エアギャップバックアップの最新動向について その2
皆様、こんにちは。
株式会社カチカのオフサイト&コールドバックアップ業務担当の村島です!
梅雨が帰ってきましたね。
本当に免許の書き換えに行った日だけ梅雨だったと思っていたんですが。
だいたい免許の試験場って不便な立地にありますからね。
ただありがたいことにいまはスマホというものがあります。現在地から試験場まで最短の時間で行く経路とか検索できるんですね。
この間の書き換えも行きと帰りで違う経路になりました。
バスも空いててその点だけはありがたかったなと思います。
では、いつものやつ行っておきましょう。
1万人がそれぞれ10回サイコロを振ったとき、出る目が完全に一致するペアはいるのでしょうか?サイコロを10回振ると、出る目のパターンは6^10=6046万6176通りあることになります。ですので直感的には1万人集めたところで、目が完全に一致するペアなどいないように思えます。ところが実際に計算してみると、出た目が10回とも完全に一致するペアが存在する確率は、50%を超えます。

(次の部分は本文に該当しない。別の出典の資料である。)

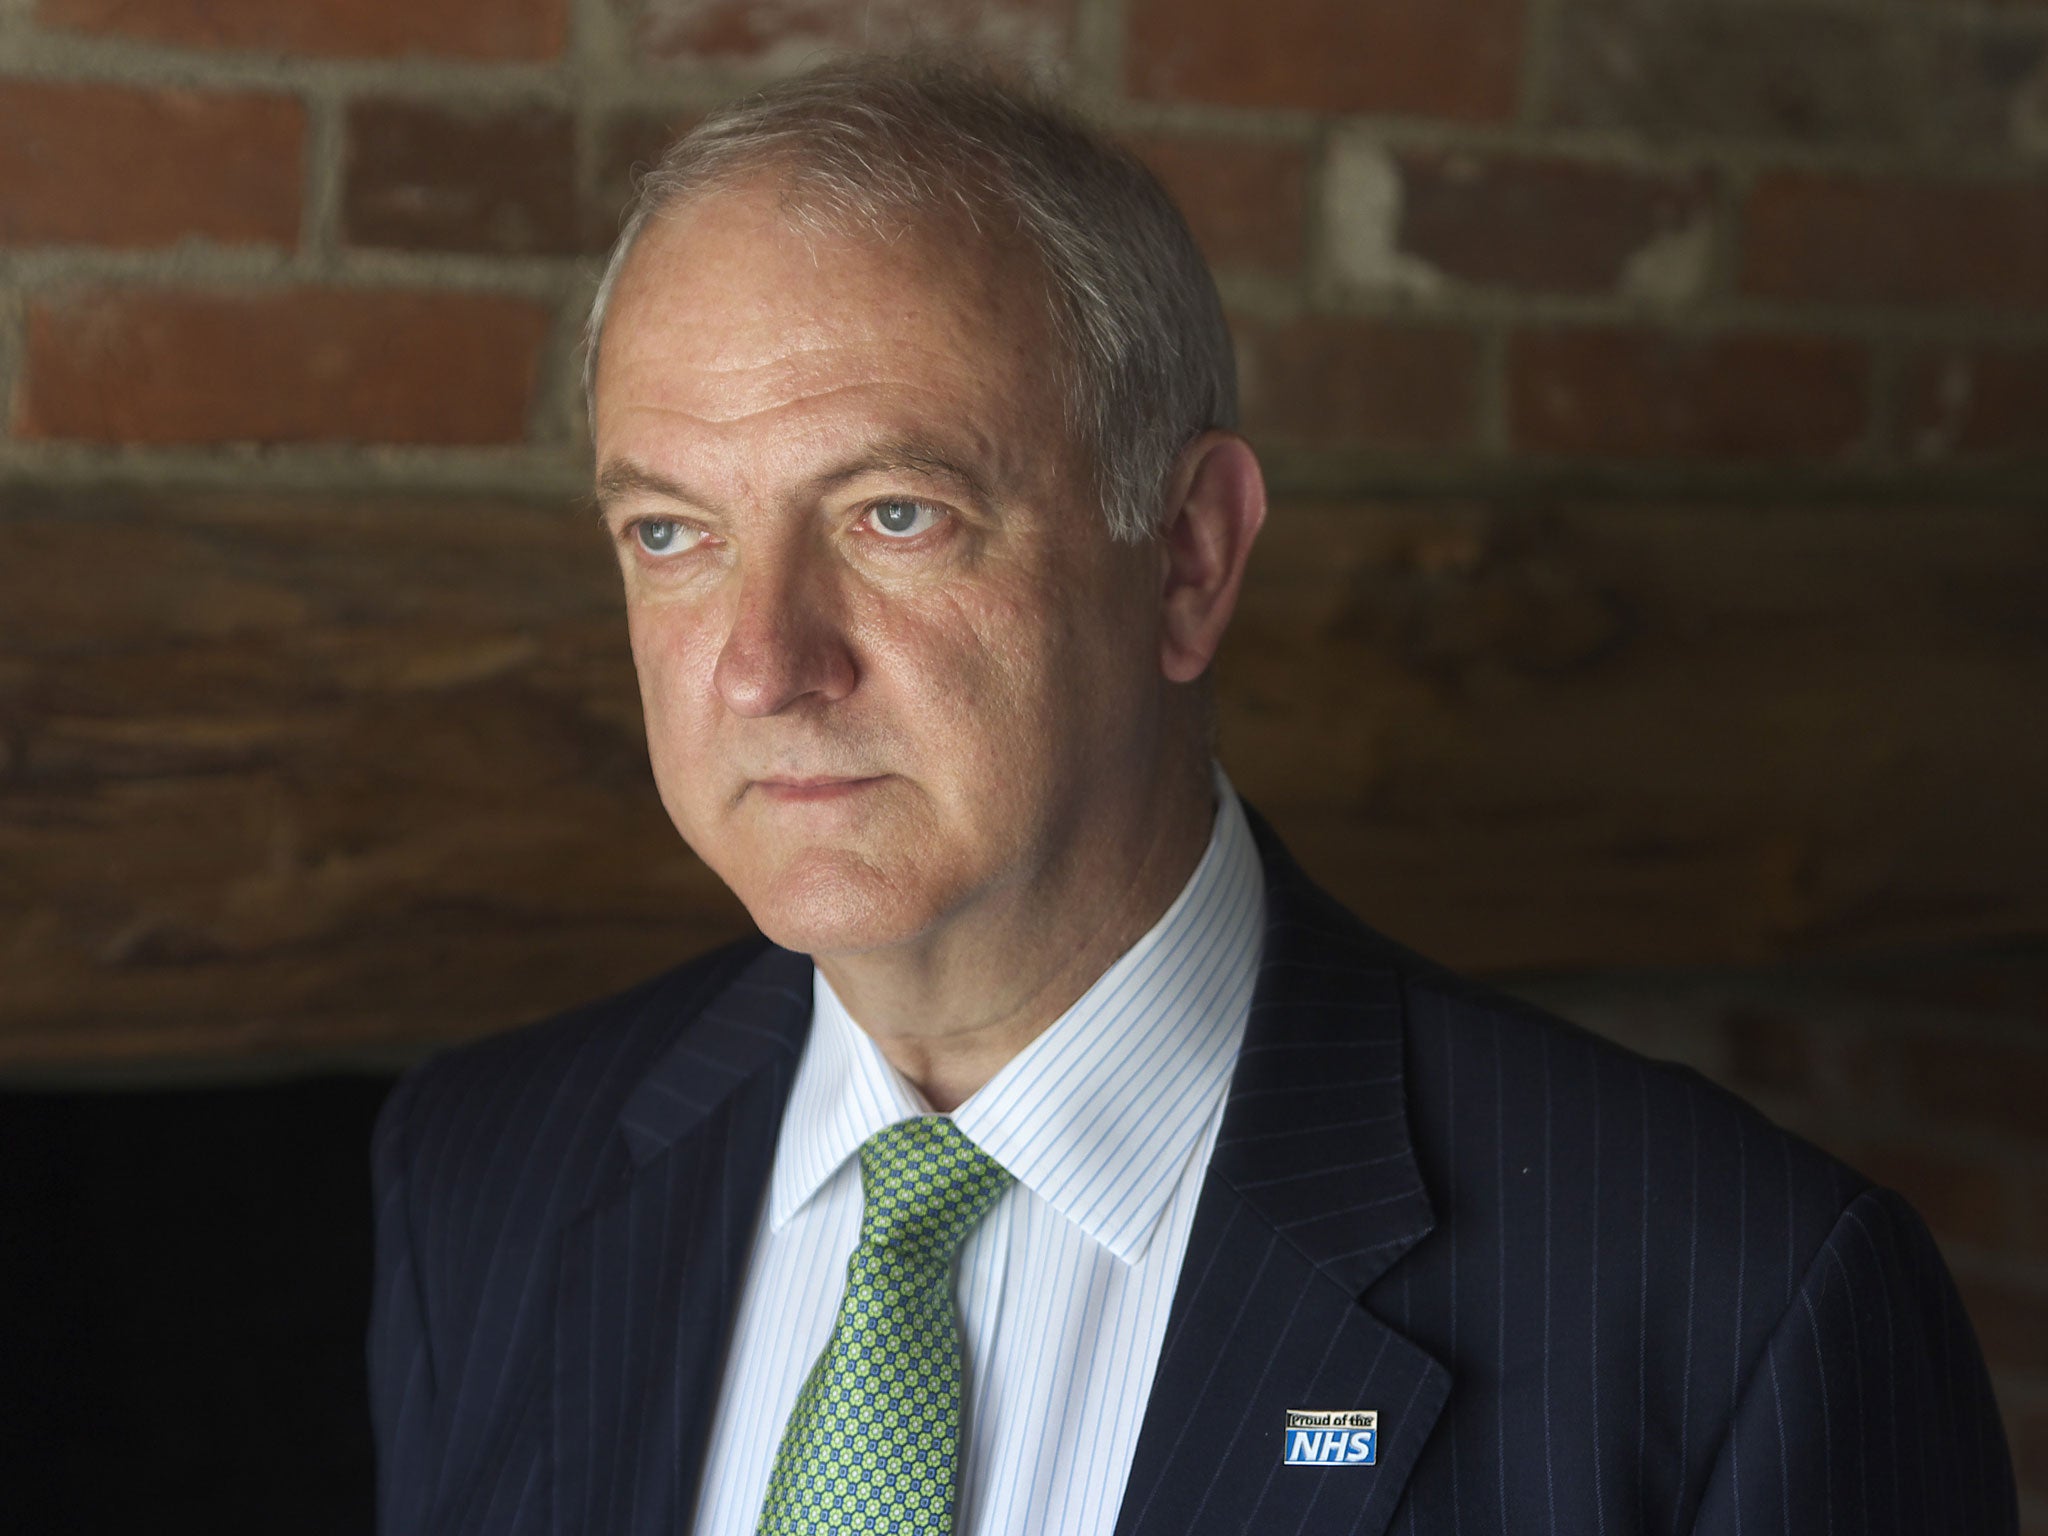 Sir Bruce Keogh called for an independent review of the unit
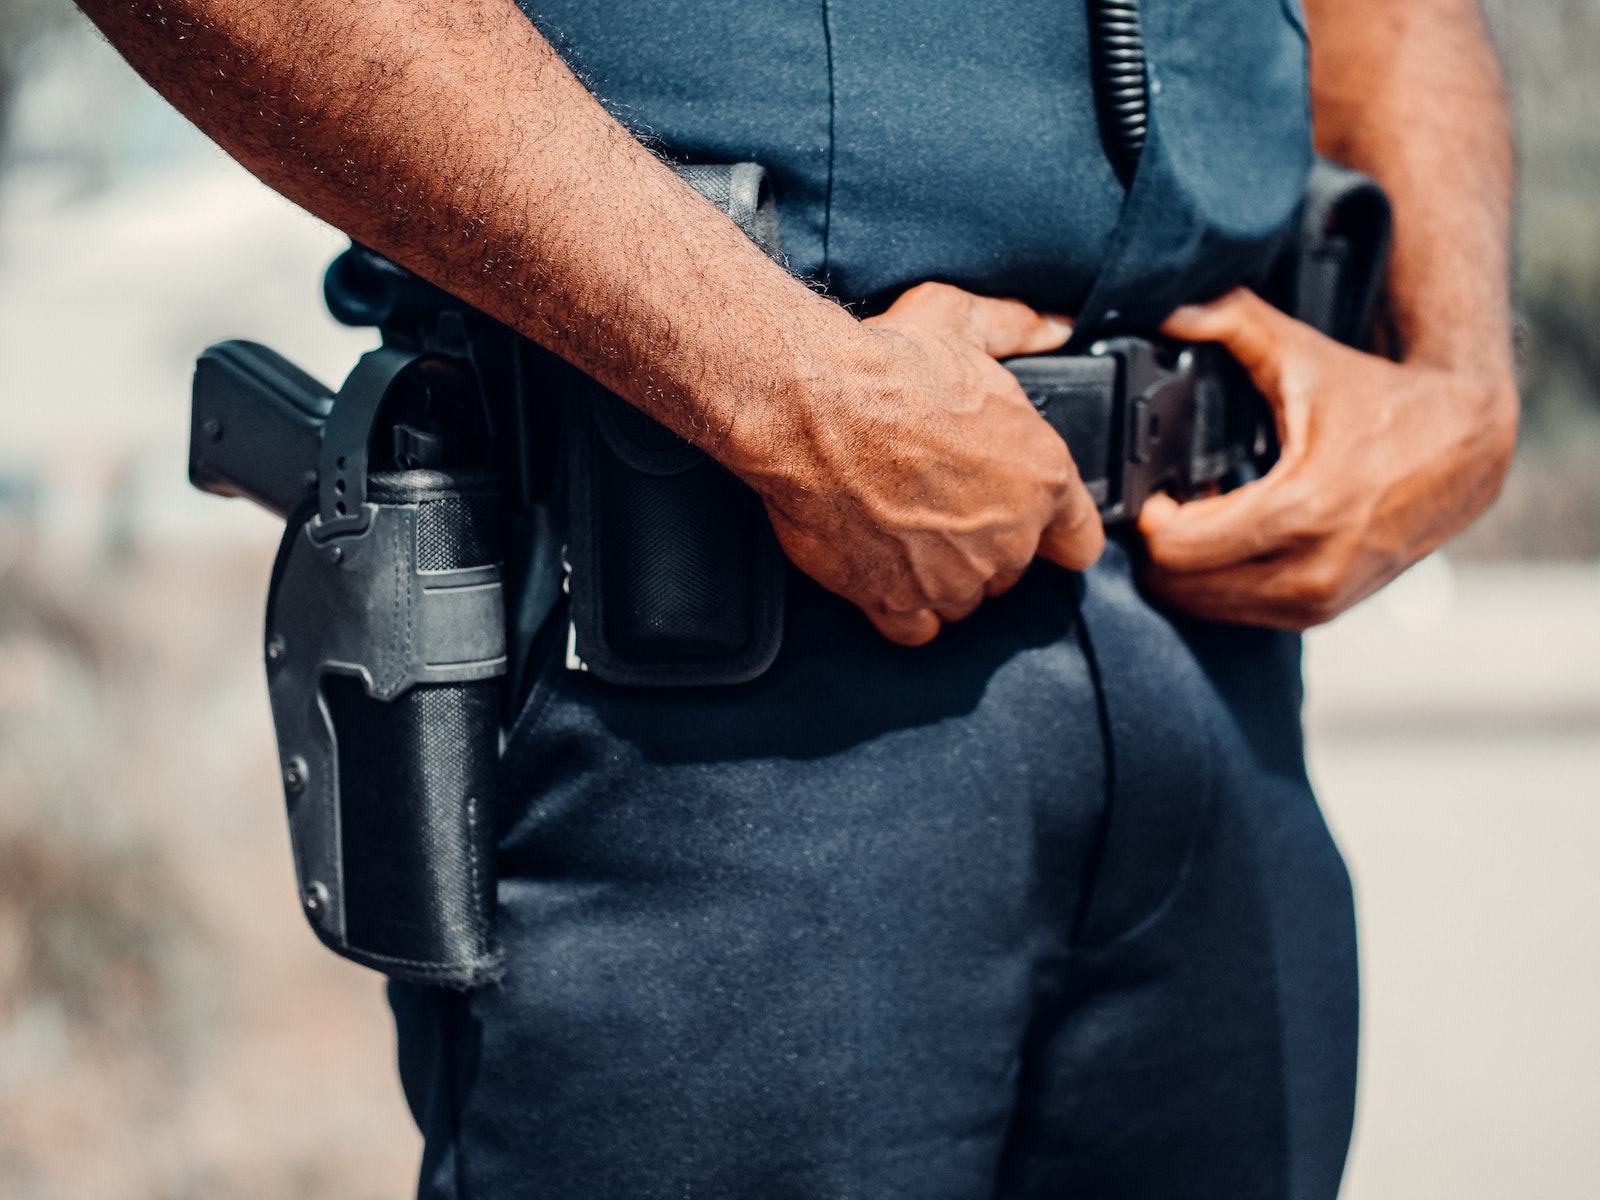 Holsters Police Officer in Blue Uniform with Handgun

一般にn通りのパターンがあるものについて、一致するペアが存在する確率が約50%になるのは1.18√n人集めたときであることが知られています。この1.18√nをサイコロを10回振る場合に当てはめてみると、1.18√60466176=1.18x7776=9175.68となります。つまり9176人いれば、一致するペアがいる確率は50%を超えることになります。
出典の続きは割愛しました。